Wrapper feature selection based multiple logistic regression model for determinants analysis of residential electricity consumption

Abstract

Improvements of energy efficiency and reduction of electricity consumption can be promoted by growing knowledge on the determinants of residential electricity consumption level (RECL). Due to numerousness, complexity and multiple correlations among impact factors (IFs) of RECL, feature selection is an essential step to ensure the precision and stability of an explanatory model. However, the current linear feature selecting models such as stepwise regression are more likely to remove the determinants that have strong-nonlinear association with RECL, which is caused by the limited ability to merely capture the linear relationship between factors.
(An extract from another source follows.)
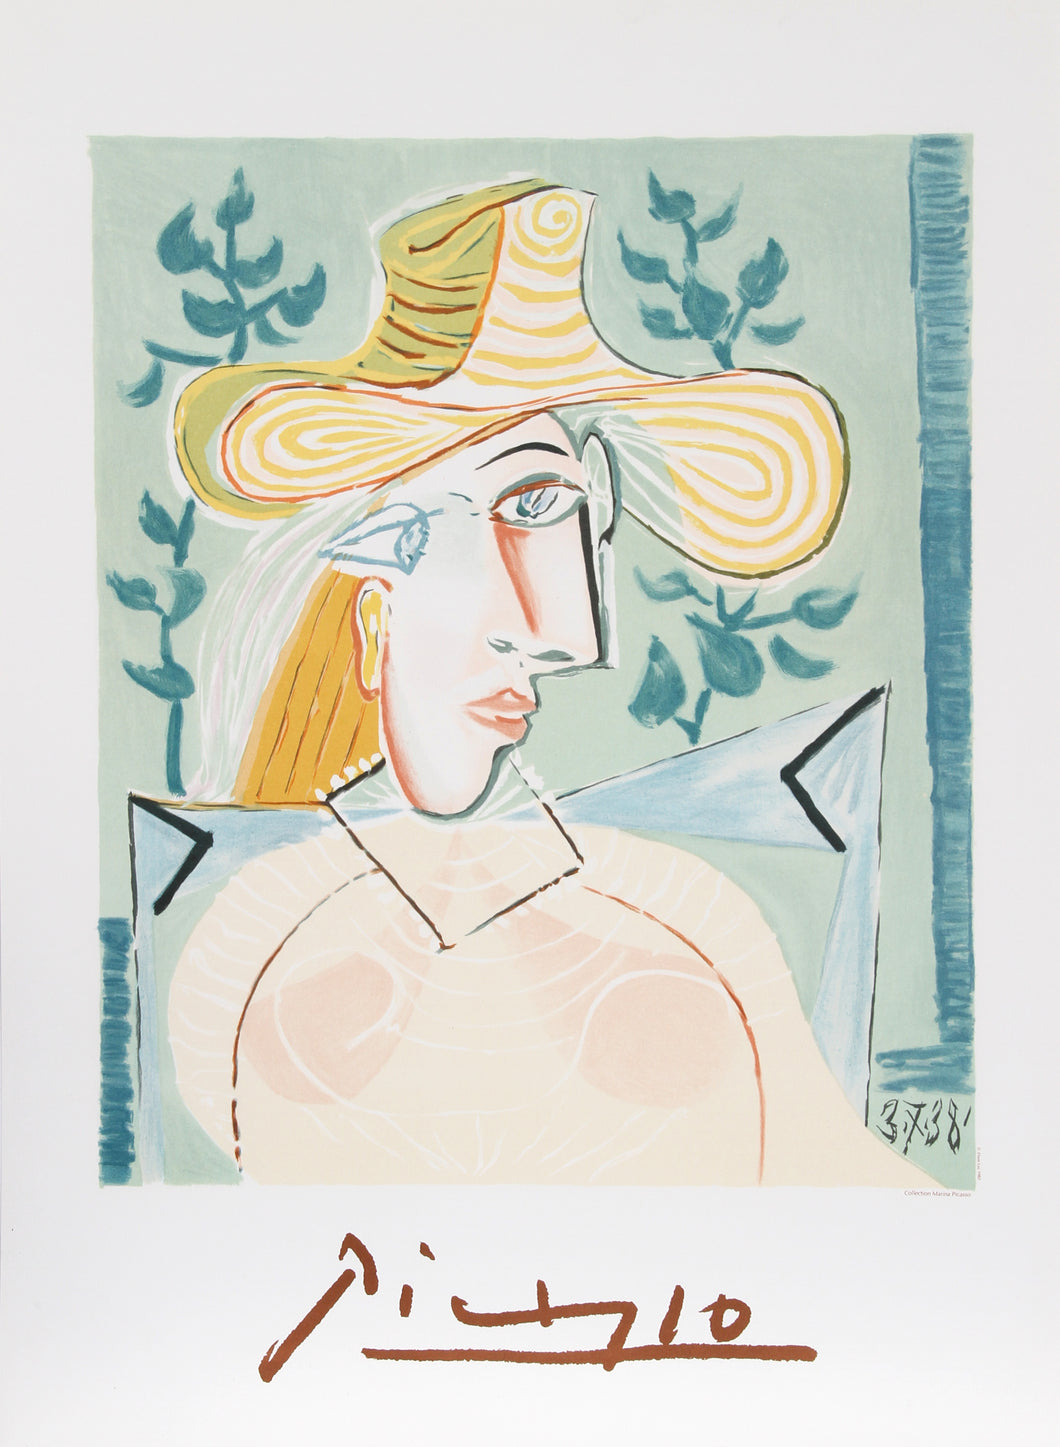 Pablo Picasso, Femme a la Collerette, 16-A-k, Lithograph
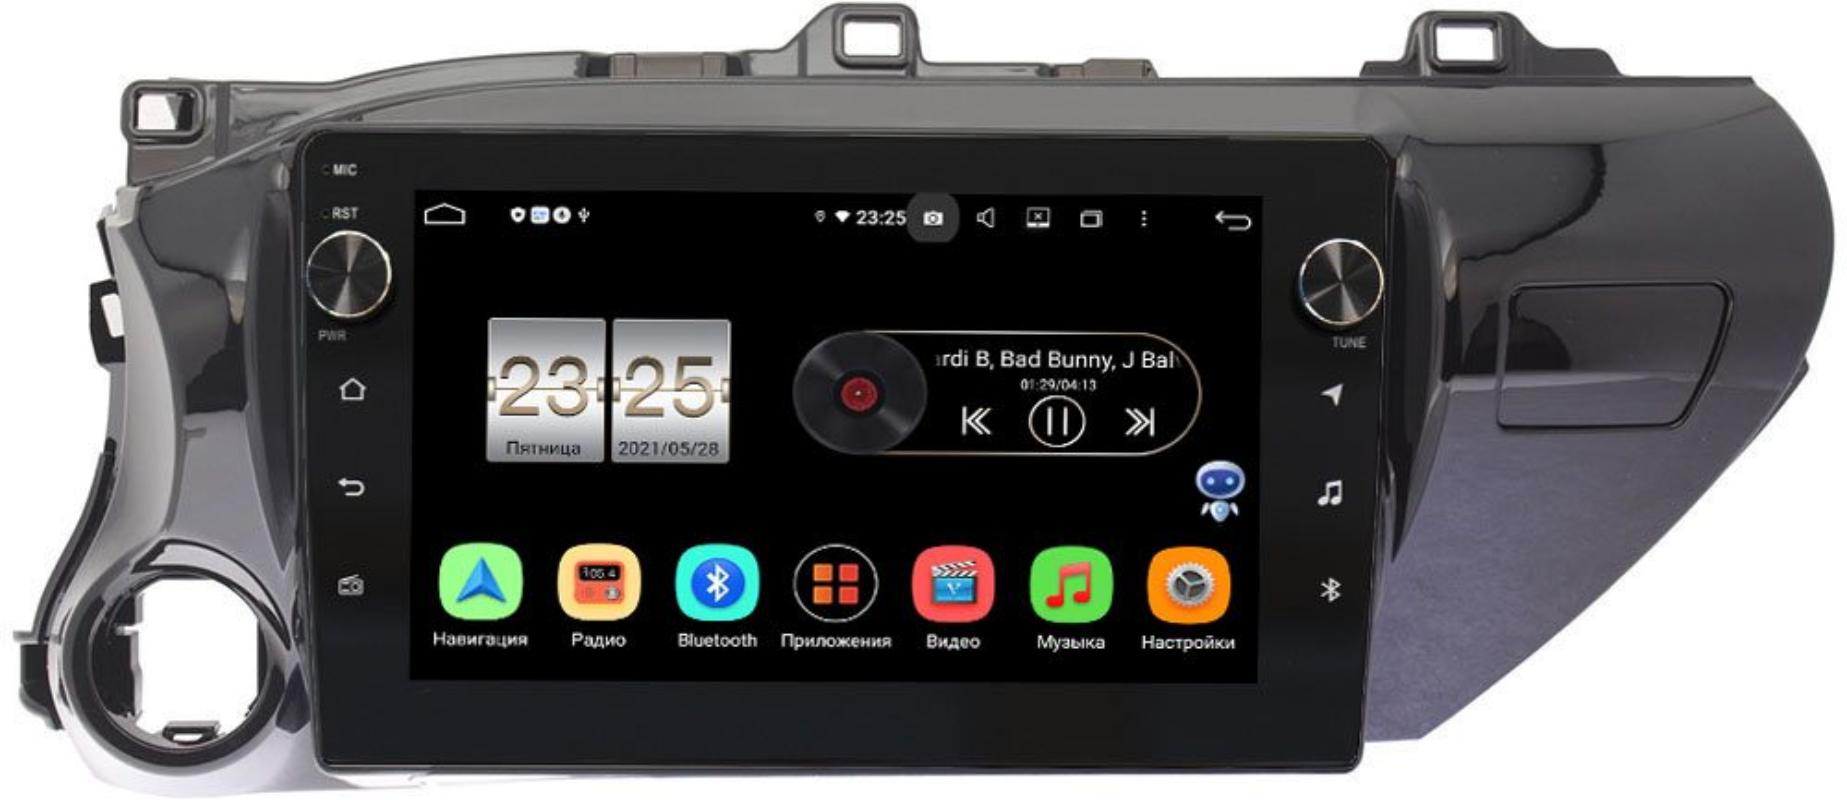 Штатная магнитола Toyota Hilux VIII 2015-2021 LeTrun BPX410-1056 на Android 10 (4/32, DSP, IPS, с голосовым ассистентом, с крутилками) (для любой комплектации) (+ Камера заднего вида в подарок!)

To address this issue, wrapper feature selection that combines genetic algorithm (GA) and multiple logistic regression (MLR) based classifier is proposed in this paper to find out the optimal feature subset (FS). GA is applied to generate better FS from the current to the next iteration and the forecasting accuracy of classifier is utilized to further evaluate the newly reproduced FS. Furthermore, a new relationship measuring approach called maximal information coefficient (MIC) is introduced to verify the validity of feature selecting results. Finally, an explanatory model based on MLR is established to explore the influence mechanism of selected IFs on RECL. Case studies for the proposed methods were conducted using both smart metering and survey dataset of over 3300 households in Ireland. The results not only identified the significant determinants of RECL, but also provided detailed information about how these selected IFs affect residential electricity consumption behaviors.